EasyOCR - 78 - Details

Up

EasyOCR - 78 - Details

EasyOCR is a multi-font, printed, character reader based on a template matching algorithm. In the learning phase, it is taught a font by giving it samples of all possible characters. Then, it is able to read any kind of short text.

Blob analysis functions are used to segment the image and extract the characters constituting the text to be read. Blobs are elected as characters based on tunable size and shape criteria. Moreover, EasyOCR is able to deal with characters which are split into several blobs. When the exact position of the characters in the image is unknown, EasyOCR functions will process the entire image and locate the characters.

Recognition process

EasyOCR follows a few steps in the recognition process.

First, the image is segmented, i.e. threshold and decomposed into objects or blobs (connected components), in the same way as EasyObject does.

Then the objects are filtered according to the size and possibly grouped together ("repasted") to form distinct characters. This is called character isolation or segmentation. When several characters touch each other, they can also be separated. This is called character cutting. The segmentation step can be bypassed when the exact position of the characters is known beforehand.

The characters are compared to a set of patterns, called a font. A character is recognized by finding the best match between a character and the patterns in the font.

$image\ebx_-368517501.gif$

Raw image

$image\ebx_532884664.gif$

After segmentation

$image\ebx_2118996238.gif$

After character isolation

$image\ebx_-53904565.gif$

After recognition

The recognition process consists of the following elements:

Read a pre-recorded font from a disk file;
Segment the image to locate the characters;
Select the objects considered as characters and sorts them from left to right;
Perform the matching from object to characters

Recognition parameters

The recognition process is governed by a few parameters that need to be fine tuned to obtain the most reliable results.

The following two parameters are used during segmentation:

- TextColor : black text on a white background, or conversely, with or without thresholding;

- Threshold value used to separate the text from the background. The threshold value should be chosen such that the characters are well separated.

The following geometric parameters are used during character isolation:

- RemoveBorder: most of the time, blobs that are found along the image/ROI edges are spurious and cannot be exploited for character recognition. By default they are discarded for character isolation;

- NoiseArea: if a blob has an area smaller than this value, it is considered as noise and discarded. The NoiseArea should be chosen such that the noise blobs are discarded but small character features are preserved (f.i., the dot over an "i" letter);

- MaxWidth, MaxHeight: if a blob does not fit within a rectangle with these dimensions, it is not considered as a possible character (too large) and is discarded. Furthermore, if several blobs fit in a rectangle with these dimensions, they are grouped together, forming a single character. The outer rectangle size should be chosen such that it can contain the largest character from the font, enlarged by a small safety margin;

- MinWidth, MinHeight: if a blob or a group of blobs does fit in a rectangle with these dimensions, it is not considered as a possible character (too small) and is discarded. The inner rectangle size should be chosen such that it is contained in the smallest character from the font, shrunk by a small safety margin;

- RemoveNarrowOrFlat: by default, small characters are discarded when they both narrow and flat. This behavior can be changed so that they are discarded when either condition is met.

- Spacing: if to blobs are separated by a vertical gap wider than this value, they are considered to belong to different characters. This feature is useful to avoid the grouping of thin characters that would fit in the outer rectangle. Its value should be set to the width of the smallest gap between adjacent letters. If it is set to a large value (larger than MaxWidth), it has no effect.

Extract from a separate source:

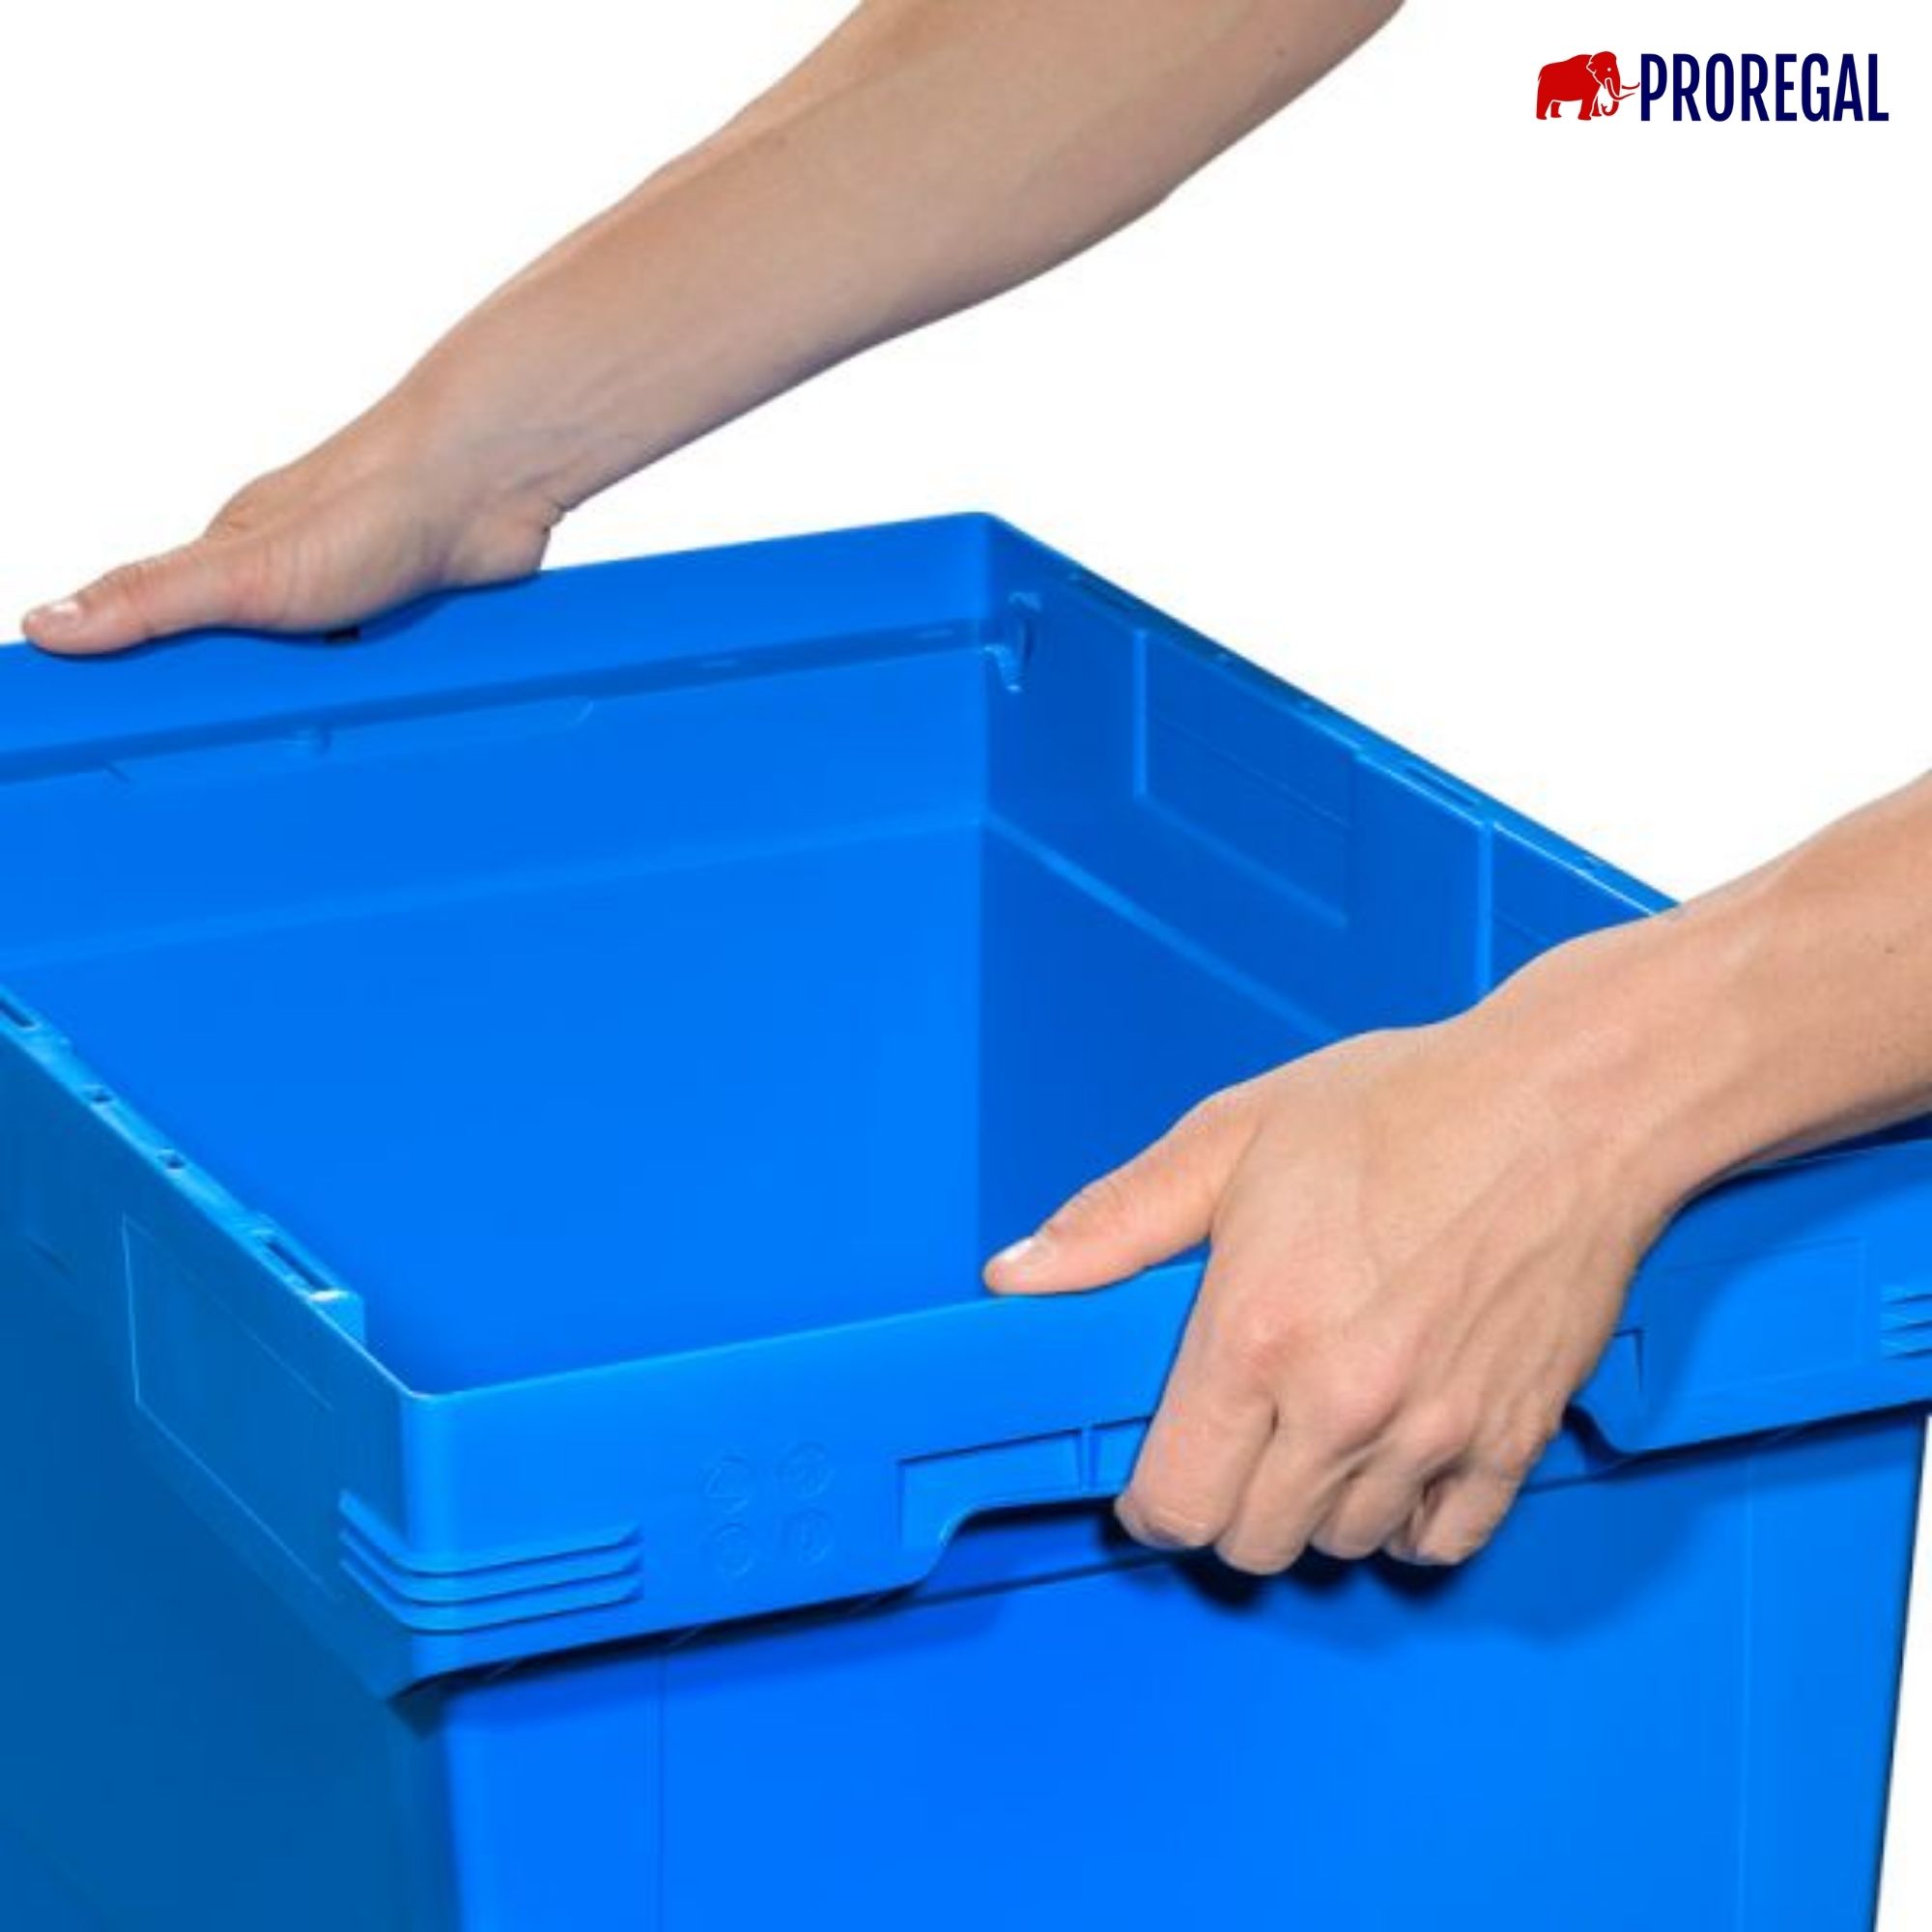 Conical Mehrweg-Stapelbehälter mit Krokodildeckel Blau | HxBxT 34,9x41x61cm | 58 Liter | Lagerbox Eurobox Transportbox Transportbehälter Stapelbehälter

- CutLargeChars: when a blob or grouping of blobs is larger than the maximum allowed width, it is considered as clutter and discarded. When the CutLargeChars mode is enabled, the blob is split in as many parts as necessary to fit. This is an attempt to separate touching characters;

- RelativeSpacing: when the CutLargeChars mode is enabled, setting this value allows specifying the amount of white space that should be inserted between the split parts of the blobs;

Learning

EasyOCR is a multi-font character recognition library. This means that EasyOCR functions are able to recognize text printed using any character font, once it has been taught. Practically, during the learning process, characters are presented one by one to the system which analyzes them and builds a database called a font.

Only a few data are stored for each new character, they represent distinctive features of the character’s shape. This small database may be saved to disk and restored when needed.

During the learning process, each pattern gets an associated numerical value call its code (usually its ASCII code). A pattern also belongs to a character class.